The bill in front of the Senate keeps morphing. I'm not sure what this makes the effective tax rate, but the language does keep changing and is different from what ultimately passed the House. That means any changes will have to be ironed out in conference, which might provide the industry one last chance to alter the carried interest language even further.

Here's what came out of the committee discussing the bill as was reported at The Hill:

The bill would prevent investment fund managers from paying taxes entirely at capital gains rates on investment management services income received as carried interest in an investment fund. To the extent that carried interest reflects a

return on invested capital, the bill would continue to tax carried interest at capital gain tax rates. However, to the extent that carried interest does not reflect a return on invested capital, this amendment would require investment fund managers to treat seventy-five percent (75%) of the remaining carried interest as ordinary income beginning on January 1, 2011. The amount that will be treated as ordinary income is reduced to fifty percent (50%) for carried interest that does not reflect a return on invested capital but which is attributable to the sale of assets which are held for 5 or more years.
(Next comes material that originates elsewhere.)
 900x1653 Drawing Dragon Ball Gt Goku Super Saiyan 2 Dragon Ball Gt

This amendment provides that the lower recharacterization percentage also applies to the gain or loss attributable to the underlying assets held for 5 or more years when a partnership interest is sold as well as to gain attributable to section 197 intangibles of a partnership whose principal activity is providing specific investment management services with respect to the assets of the partnership when the partnership interest has been held for 5 or more years. This amendment also provides that, on selling an interest in any publicly traded

partnership, a person who is not an investment service provider will be exempt from the rule that recharacterizes as ordinary income under Internal Revenue Code section 751(a) that portion of the gain or loss attributable to an investment services partnership interest. This proposal, as amended, is estimated to raise $13.905 billion over 10 years.
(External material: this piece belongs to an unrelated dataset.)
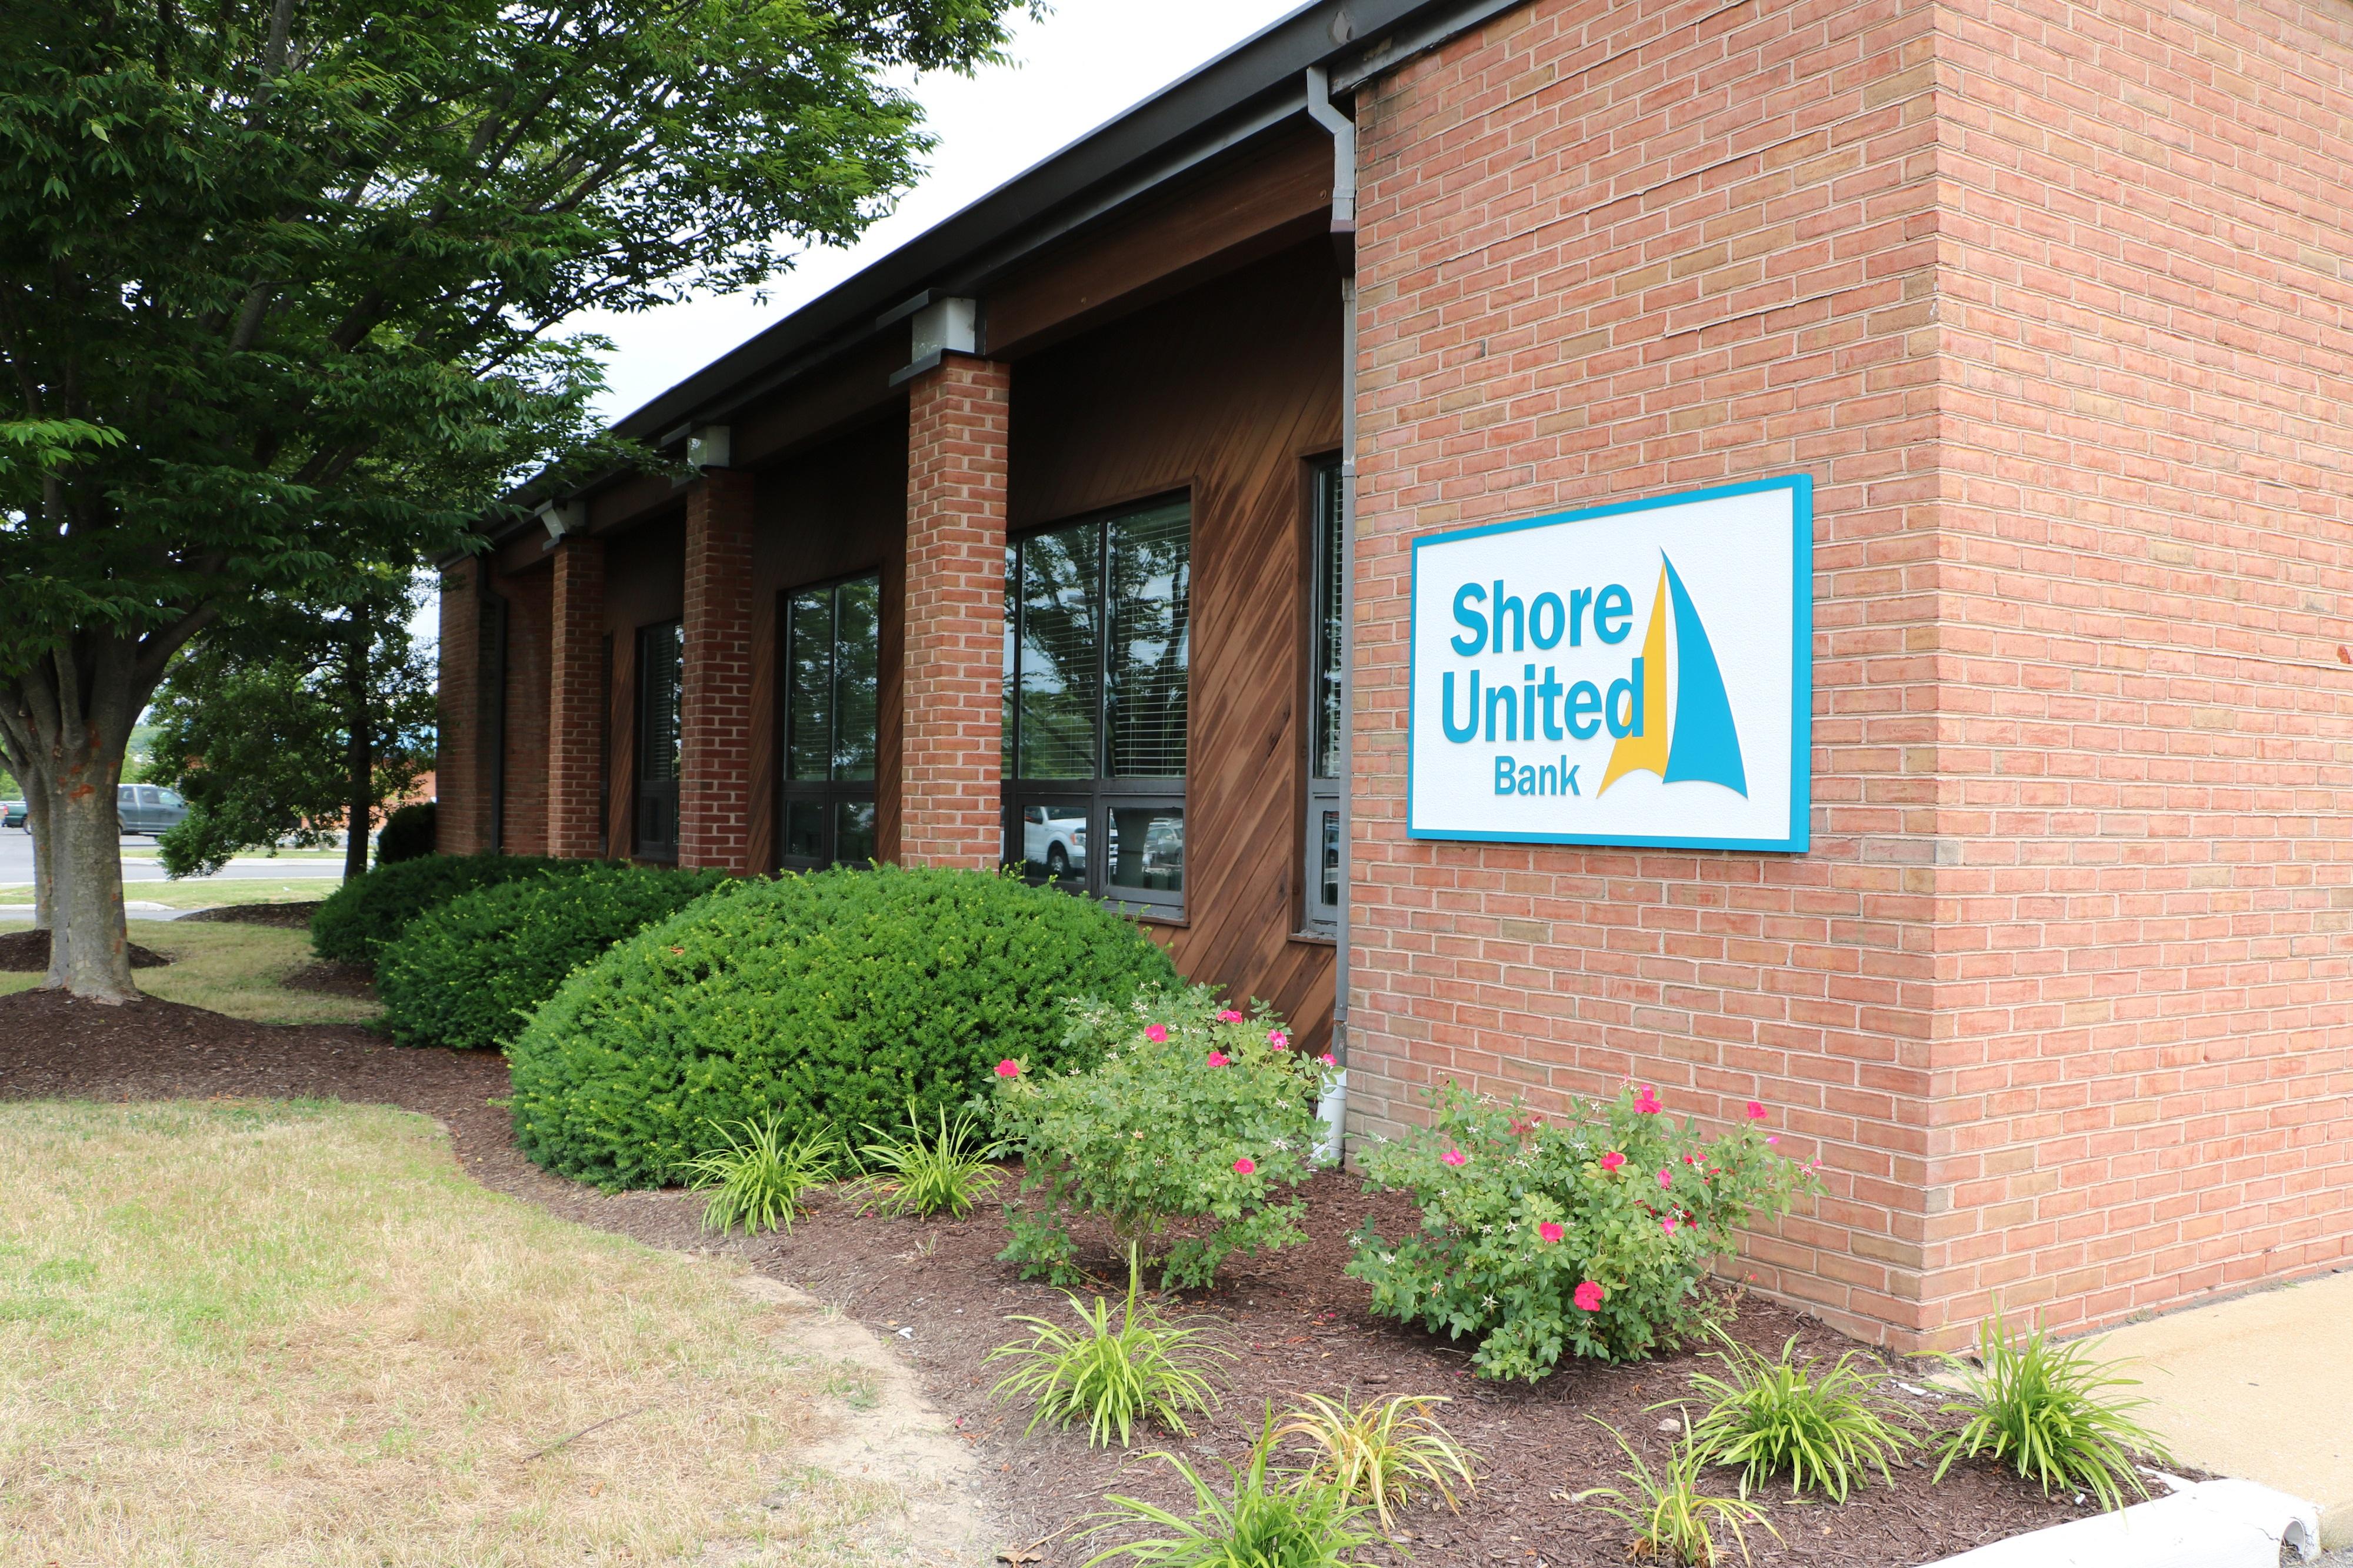 Shore United Bank image 1

I'm not sure what that means, but the number quoted at the end is lower than the original revenue estimates of what the raise in carried interest taxes was supposed to achieve.

Here's Bloomberg Business Week's summation:

Baucus's new proposal would create a multitiered tax rate affecting some venture capital fund managers that declines the longer the funds are managed. Fund executives who manage a fund for one to five years would pay ordinary tax rates on 75 percent of their profit share, known as carried interest, and capital gains rates on the other 25 percent. For investments of more than five years, the rate would be a blend of 50 percent ordinary tax rates and 50 percent capital gains.

It also would exempt shareholders of Blackstone Group LP and other publicly traded buyout firms from facing higher taxes if they sell shares at a profit.

And here is how Reuters described the alterations:

The new investment fund managers's tax, called carried interest, would tax 75 percent of investment fund managers income at ordinary tax rates, with an exception for assets held at least 5 years, of which only 50 percent would be taxed at ordinary income rates, according to committee documents.

The new proposal also eases the tax's impact on the sale of partnership shares.

The original Senate bill's carried interest proposal would have taxed 65 percent of investment fund managers' earnings at higher normal income tax rates. Currently investment fund managers enjoy a lower 15 percent capital gains tax rate on their earnings from managing investors' money.

The new carried interest language brings the bill more in line with a bill passed by the House of Representatives, which called for 75 percent of earnings to be taxed at higher normal income tax rates.